An Introduction to wget
Wget originated as command line utility on Linux and UNIX platforms for downloading content from the web. Some of the notable features include:
- Ability to download files from HTTP, HTTPS, and FTP servers
- Resumable downloads for large files or unreliable connections
- Recursive mirroring of entire folder structures and websites
- Customizable number of connection retries and timeouts
- Bandwidth throttling for managing bandwidth utilization
- No external library dependencies – runs solely from command line
As a developer, having these advanced networking capabilities built directly into the command line unlocks new levels of automation and simplifies the process of moving files between systems.

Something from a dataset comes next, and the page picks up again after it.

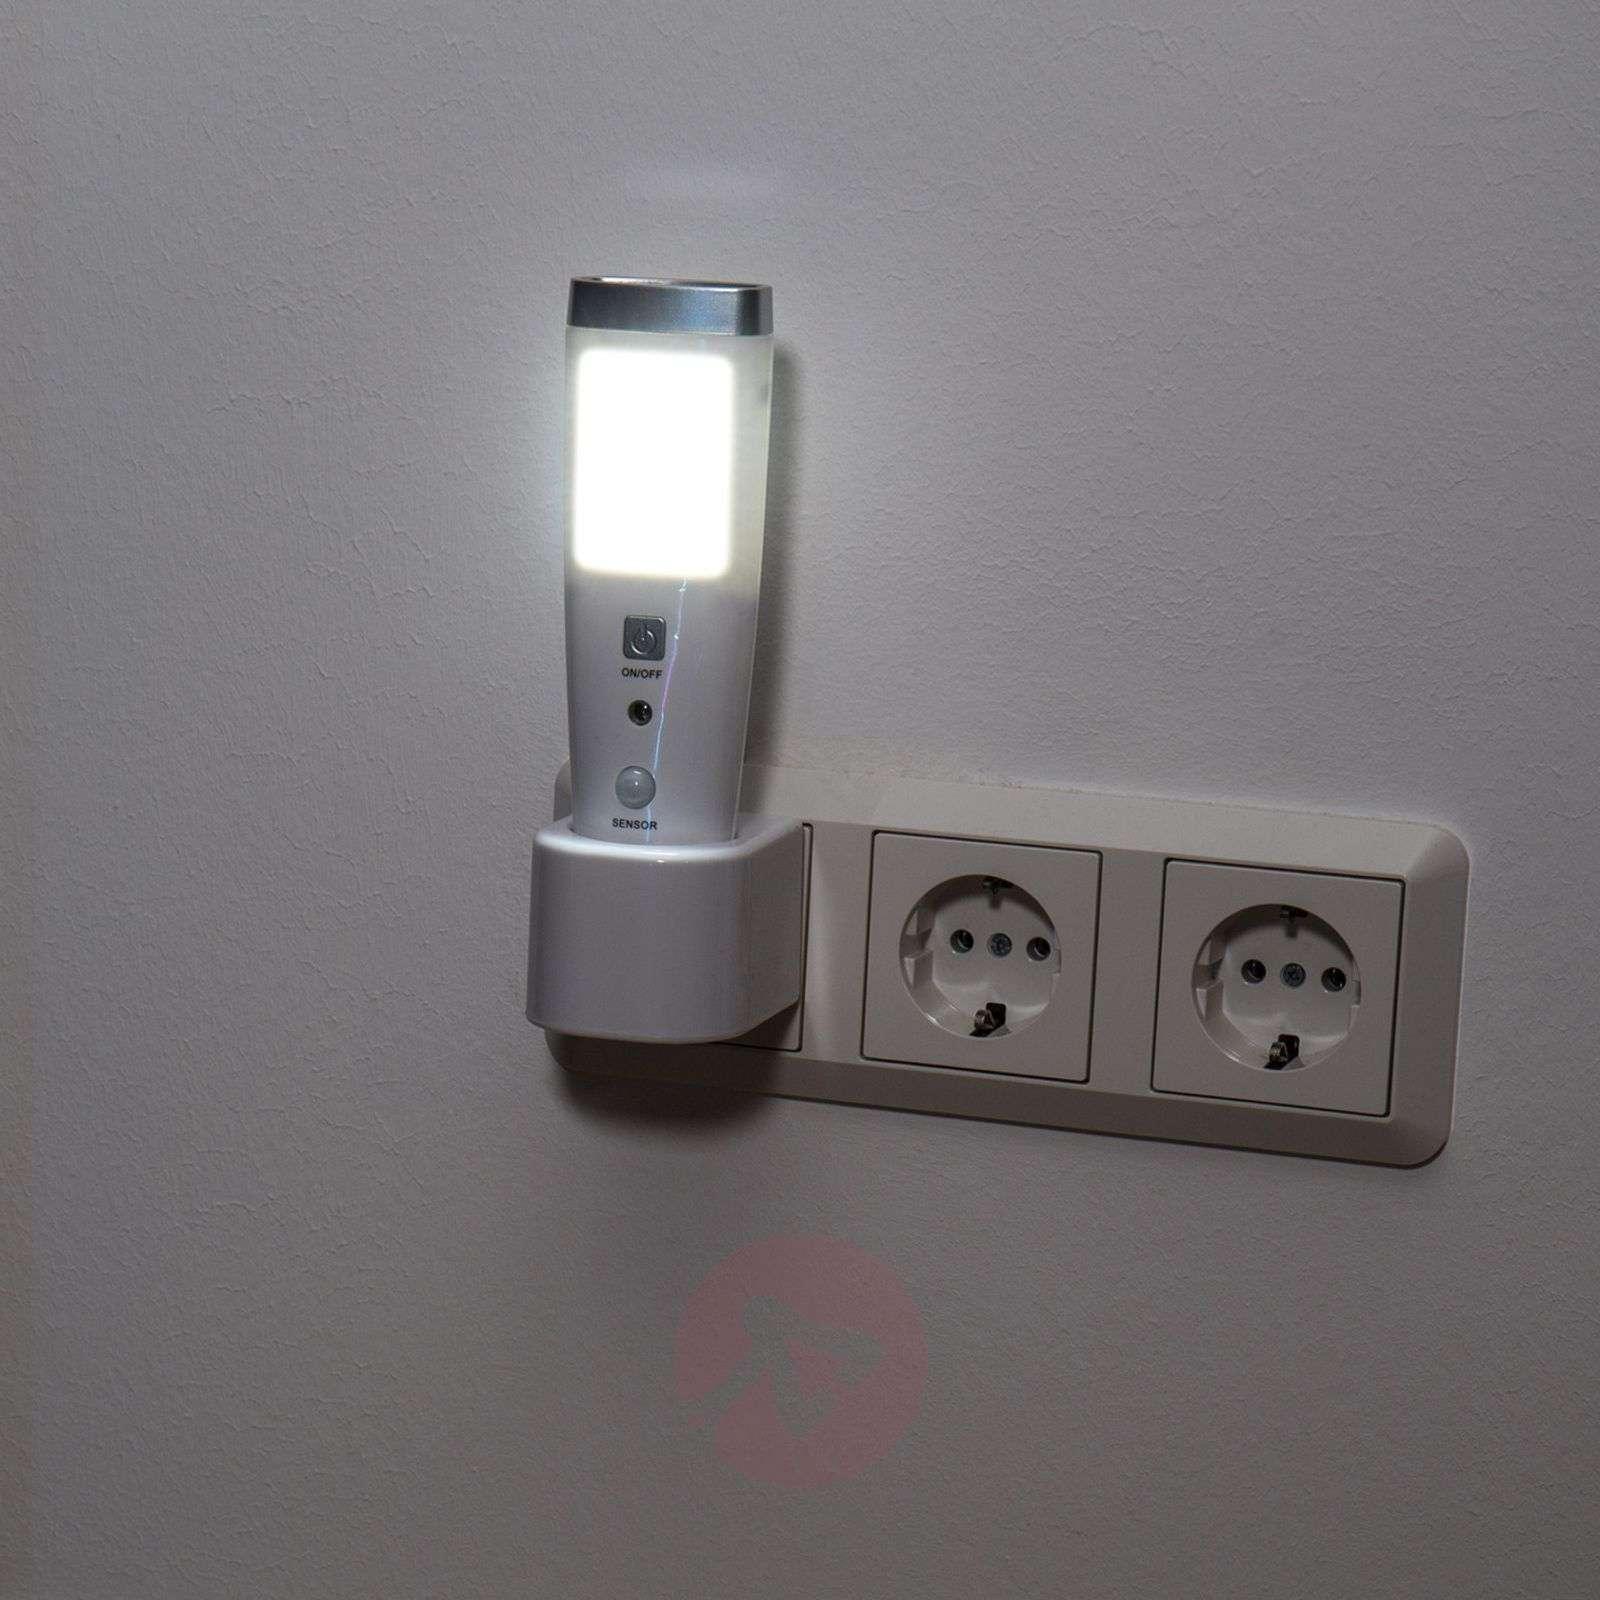 Kannettava LED-yövalo Minerva-8559194-01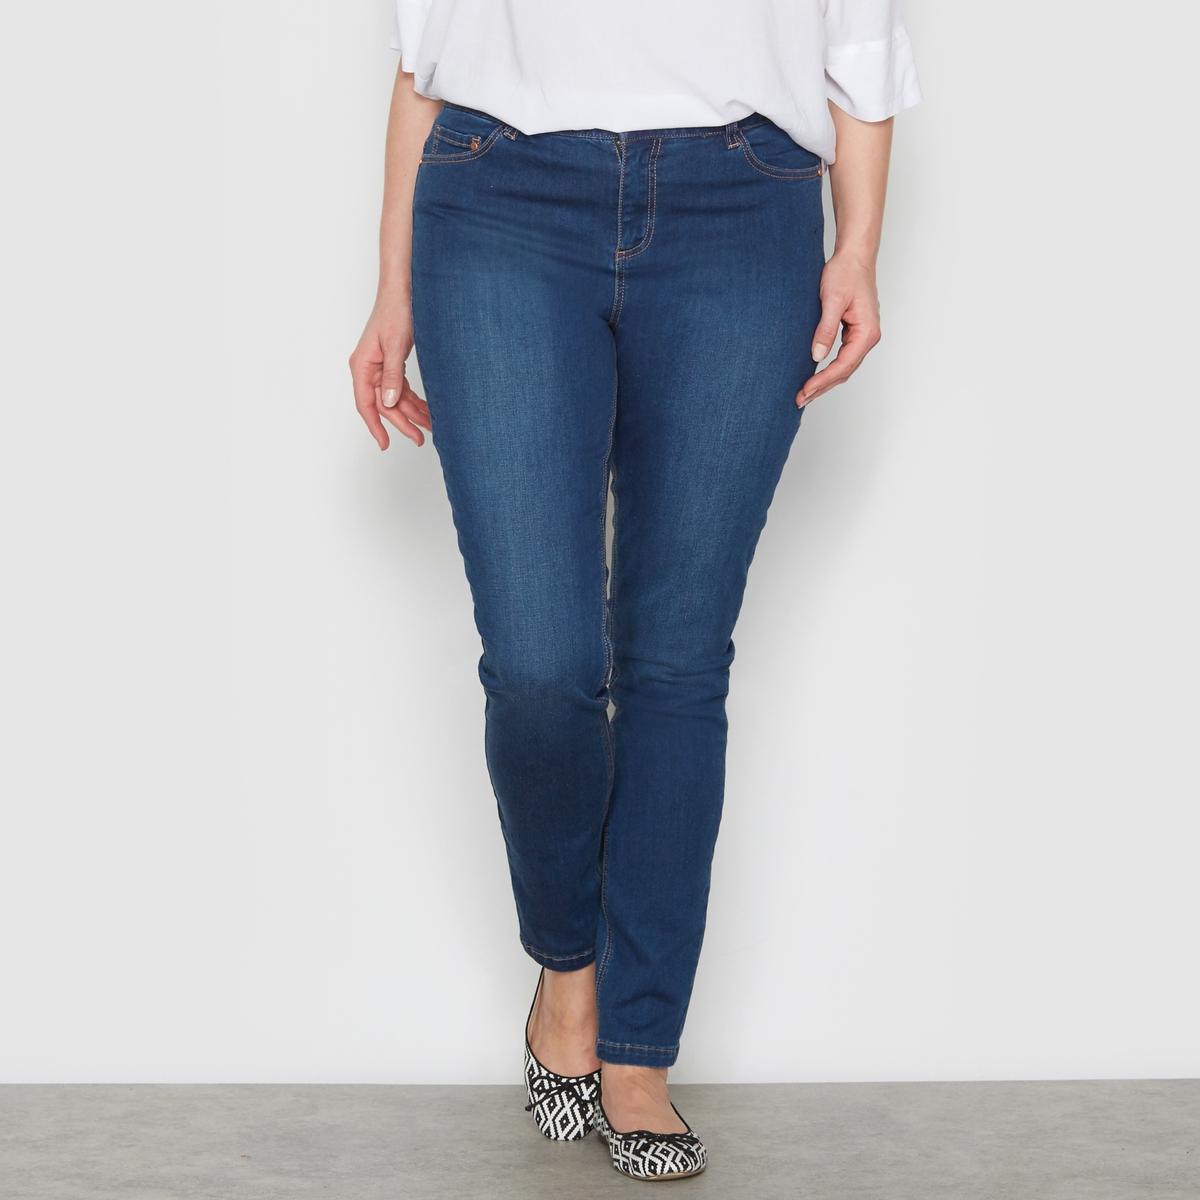 Джинсы облегающего покроя стретч,  длина по внутр.шву ок. 78 смПодчеркивается талия, бедра, ягодицы зрительно округляются: джинсы облегающего покроя отлично сидят и чрезвычайно удобны! Расклешенный низ. 5 карманов.Рост от 1 м 65 см: длина по внутр.шву ок. 78 см, ширина по низу 15,5 см.<br><br>Цвет: голубой потертый,синий потертый,темно-синий,черный<br>Размер: 44 (FR) - 50 (RUS).52 (FR) - 58 (RUS).54 (FR) - 60 (RUS).56 (FR) - 62 (RUS).58 (FR) - 64 (RUS).54 (FR) - 60 (RUS).50 (FR) - 56 (RUS)

Fortunately, Microsoft made wget available in PowerShell 3.0 and beyond by essentially aliasing it to Invoke-WebRequest
. When you run the wget command, PowerShell handles everything seamlessly in the background.
Now let‘s explore some practical examples and functionality provided by wget in PowerShell.
Downloading a Single File
The most basic wget usage scenario is downloading a file from a web server to your local system.
Here is a simple example to download an ISO image file:
wget https://distrowatch.com/table.php?distribution=garuda
By default this will save the target file to your current working directory with the filename from the URL (in this case table.php).
You can also explicitly define the local output filename and path like so:
wget https://distrowatch.com/table.php?distribution=garuda -OutFile C:\Users\John\Downloads\garuda.html
When downloading a single resource, wget and PowerShell behave very similarly to simply calling the file directly in your browser. However, the main advantage is avoiding the interactive user interface and enabling scripted automation.
Measuring Download Speeds
One neat trick developers love is benchmarking download speeds using wget‘s built-in timing metrics.
Use the --output-file
argument to log bandwidth metrics to a text file:
wget https://speed.hetzner.de/1GB.bin --output-file=speed-log.txt
This will save download timing information including the bytes transferred and overall speed:
2022-07-27 16:21:03 (1.01 MB/s) - ‘1GB.bin’ saved [1073741824/1073741824]
By running against a large test file on a server with plenty of bandwidth, you can accurately measure the maximum download capabilities of your internet connection.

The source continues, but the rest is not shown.